InternationalInvesting

The mortgage rate counter-move: Here’s what it means

  • The last couple of weeks have been disconcerting -- how have we seen such a huge decline in rates without a bounce-back?
  • Last week, rates had several propellants to jump, most of them from overseas: The U.S. economy is OK; Europe is not.

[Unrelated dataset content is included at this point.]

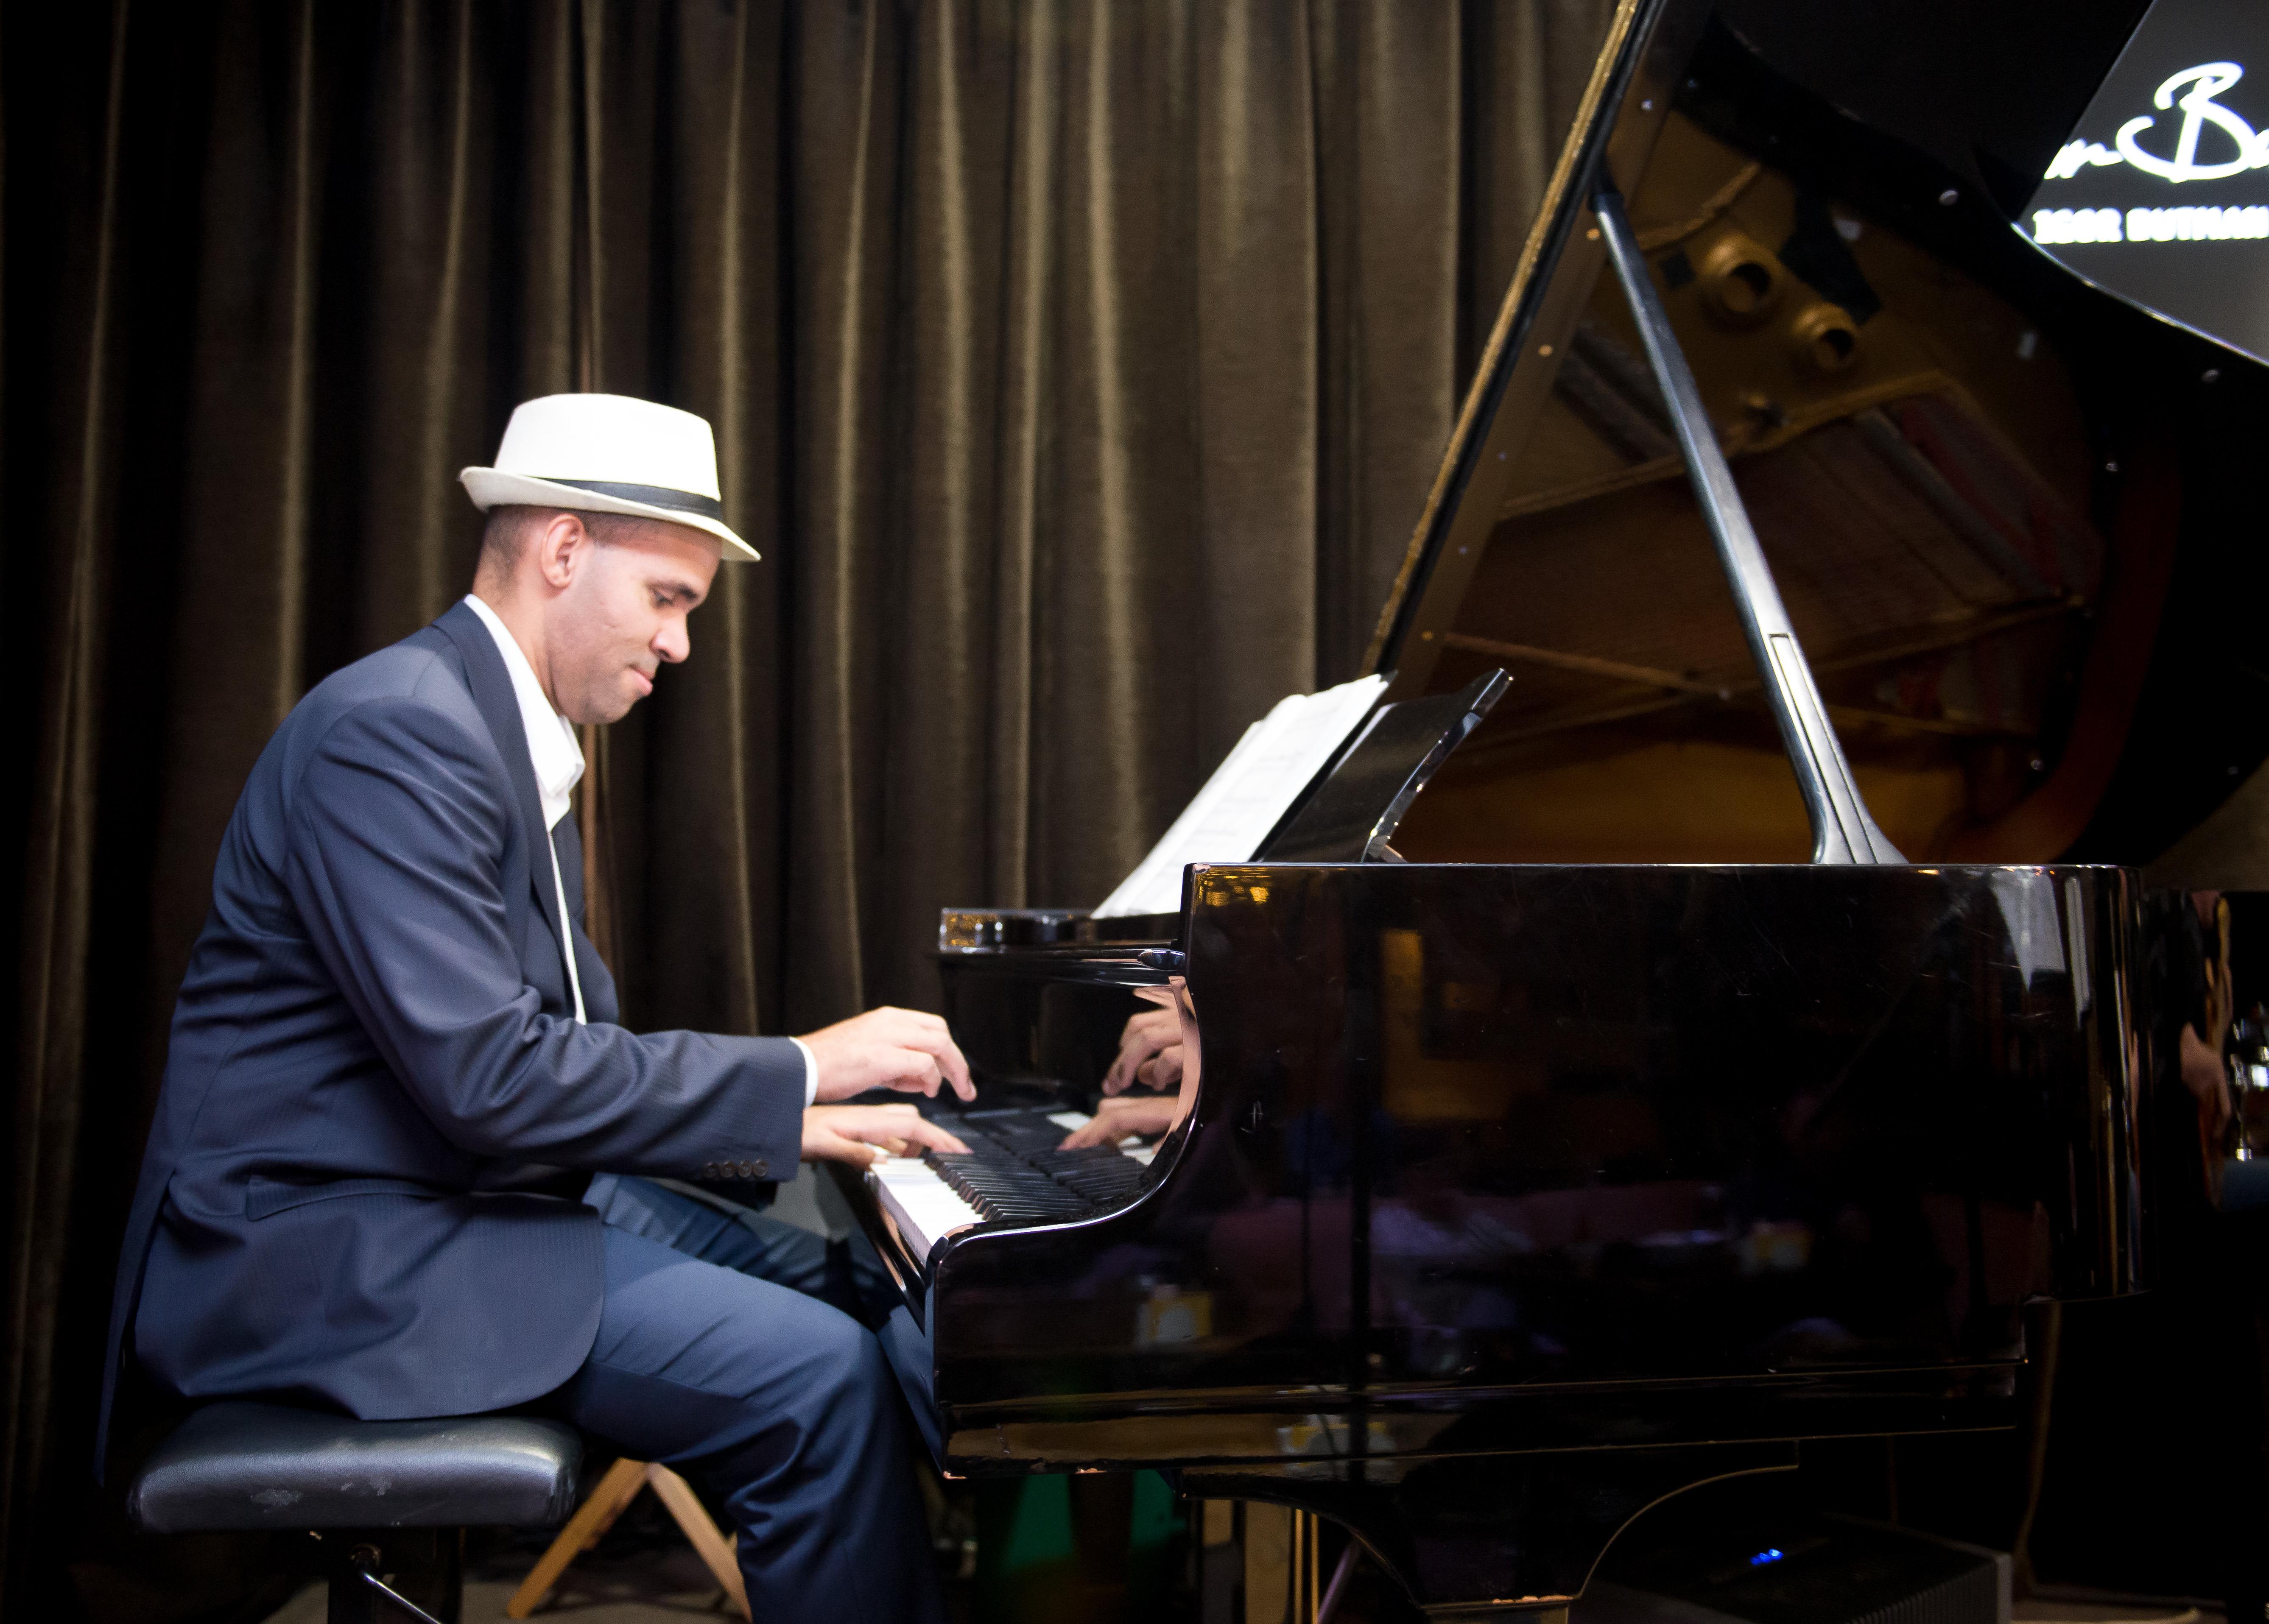 Pianist, composer, arranger

Learn the New Luxury Playbook at Luxury Connect | October 18-19 at the Beverly Hills Hotel

It is reassuring when the world behaves as it should. The last couple of weeks have been disconcerting -- how have we seen such a huge decline in rates without a bounce-back? It’s okay now. Rates are rising. The jump last week had several propellants. The first is simply the nature of markets: any big move begets a counter-move. In 10-year T-note terms, from June 1 at 1.83 percent down to 1.36 percent (July 8) and now back up to 1.59 percent. In mortgage rate terms, 3.625 percent to 3.25 percent (for about an hour), back to 3.50 percent. However, that “retracement” does not answer the questions everyone has: Will we go back down, and if so, when? Economic data says “not soon": Since the rate plunge intensified upon Brexit, essentially every new U.S. point of data has been stronger than estimated -- jobs, Institute of Supply Management (ISM) indices, small business, retail sales, the works. The full answer lies overseas. U.S. 10-year Treasurys and German 10...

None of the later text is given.